**The task**
Your copy of the listing must be exact and must hold no images.

**Given material**
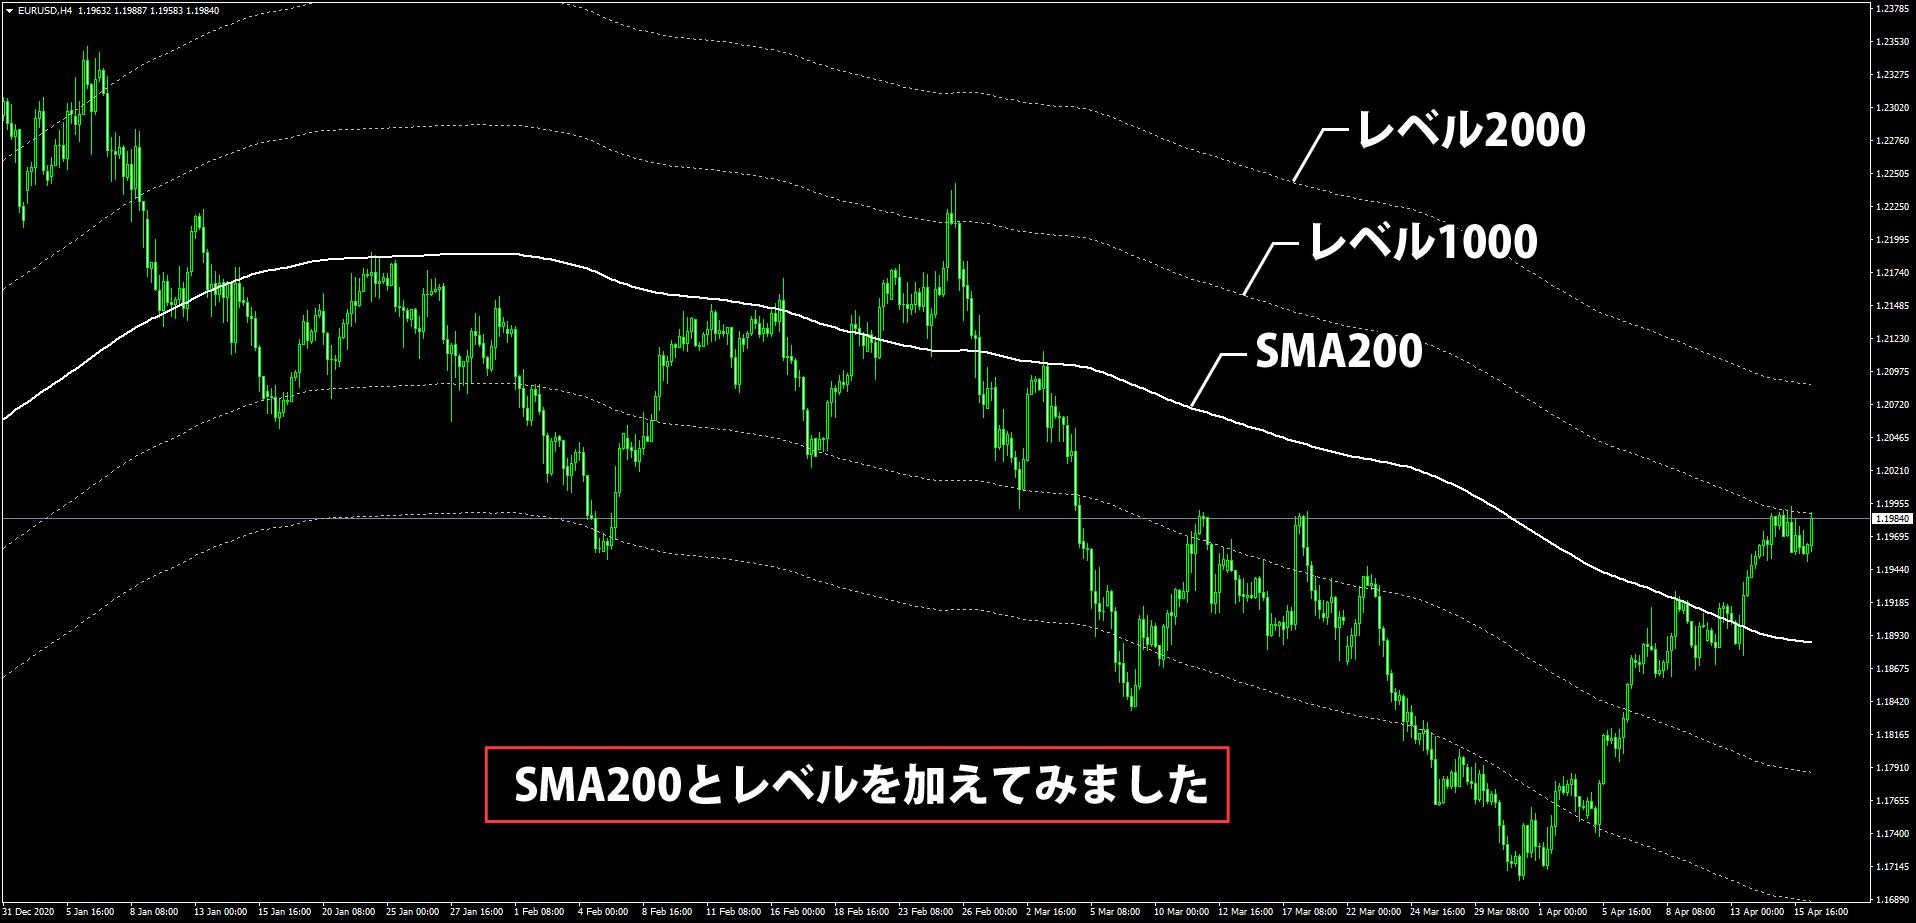 SMA200を表示したユーロドル4時間足
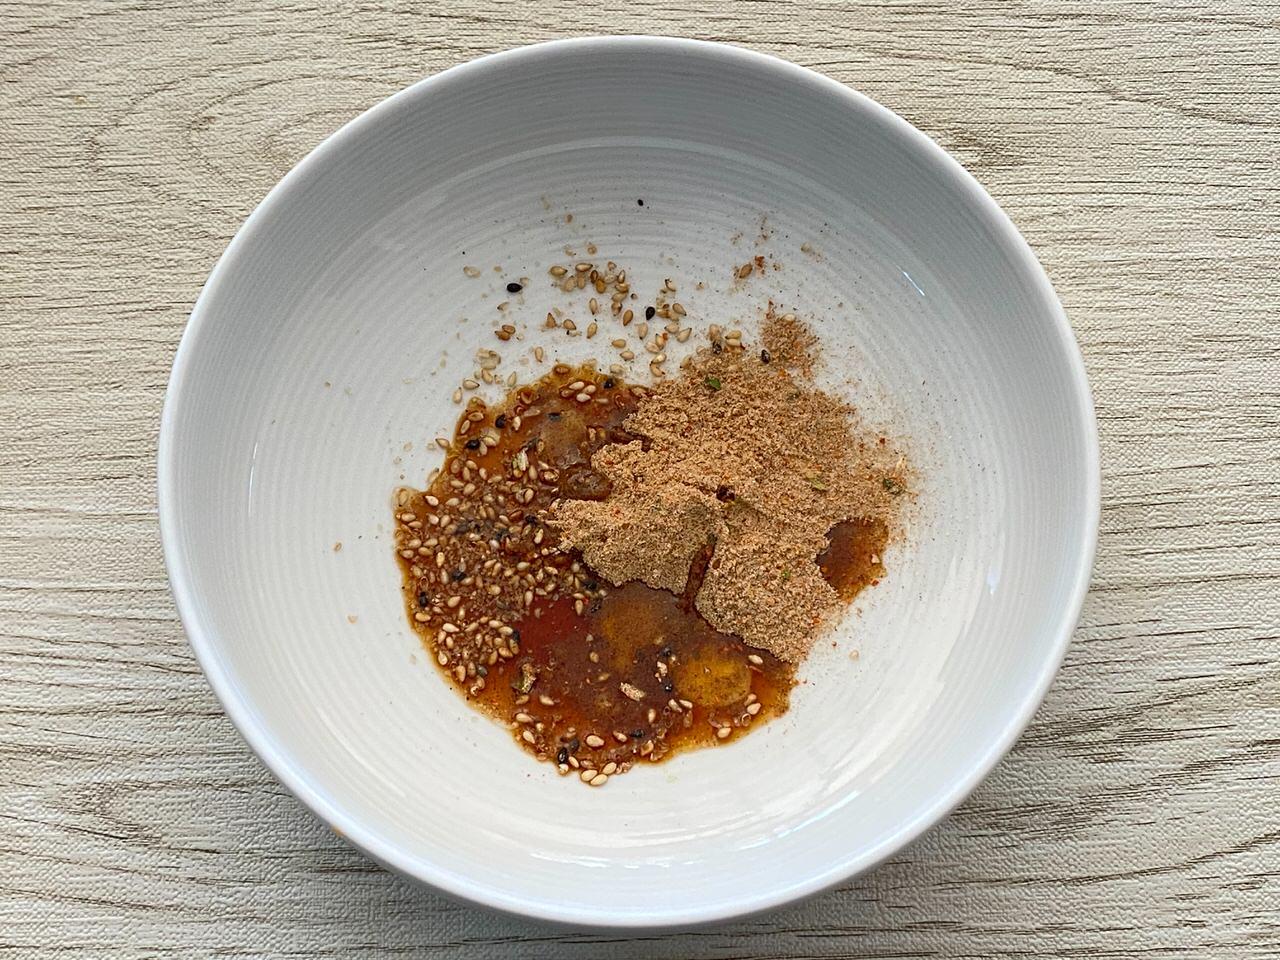 「サッポロ一番 しょうゆ味油そば ガーリックバター風」「サッポロ一番 ごま味まぜそば 辛口オイスター味」 05
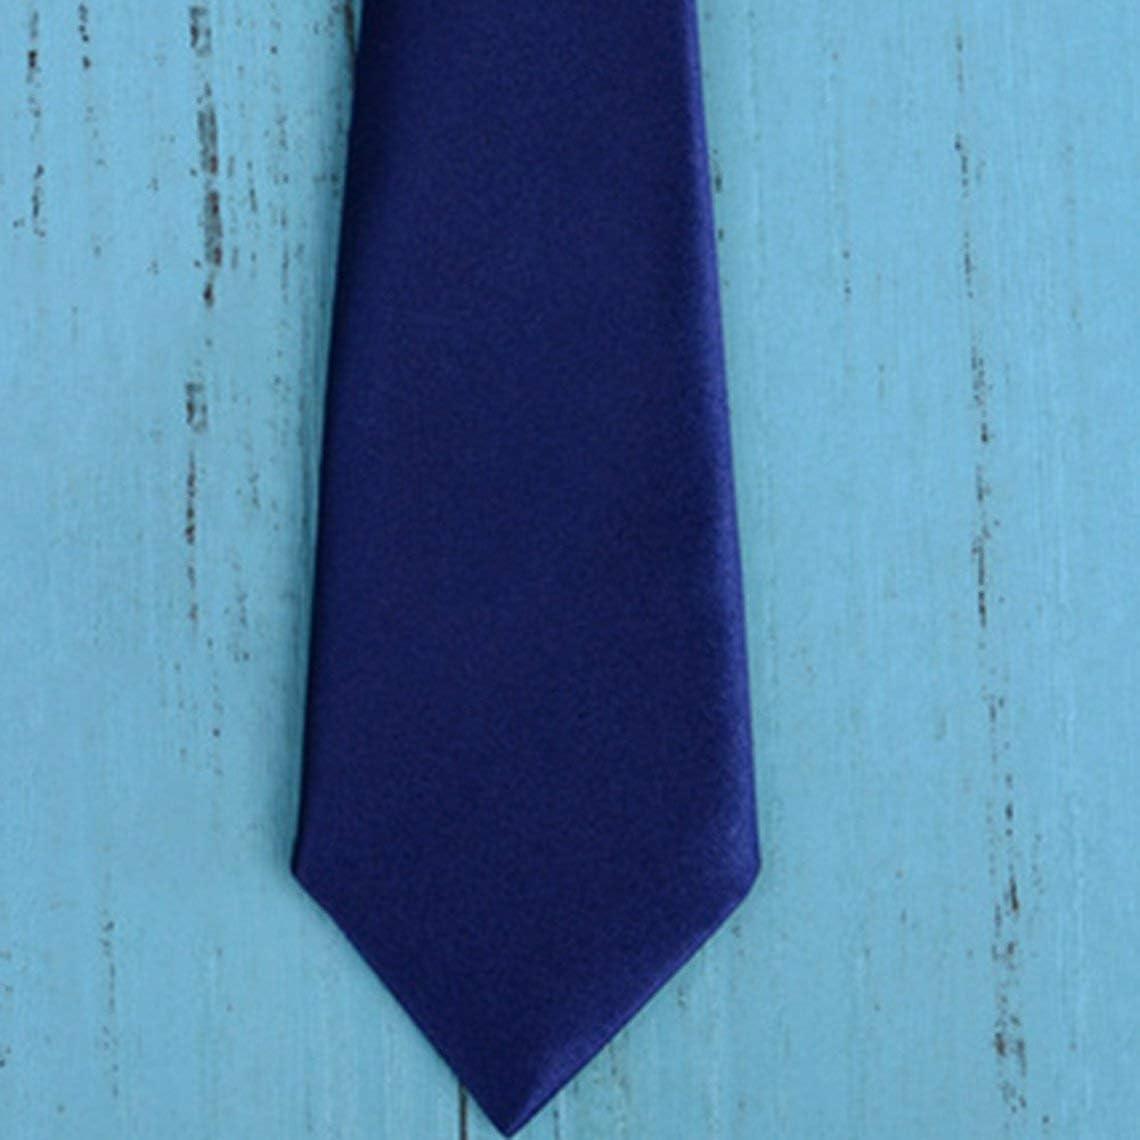 Momorain Mode Schule Jungen Kinder Kinder Baby Hochzeit Einfarbig Elastische Krawatte Junge Krawatte Baby Hochzeit Krawatte Krawatte Fleck

**Response box**
 SMA200を表示したユーロドル4時間足
 「サッポロ一番 しょうゆ味油そば ガーリックバター風」「サッポロ一番 ごま味まぜそば 辛口オイスター味」 05
 Momorain Mode Schule Jungen Kinder Kinder Baby Hochzeit Einfarbig Elastische Krawatte Junge Krawatte Baby Hochzeit Krawatte Krawatte Fleck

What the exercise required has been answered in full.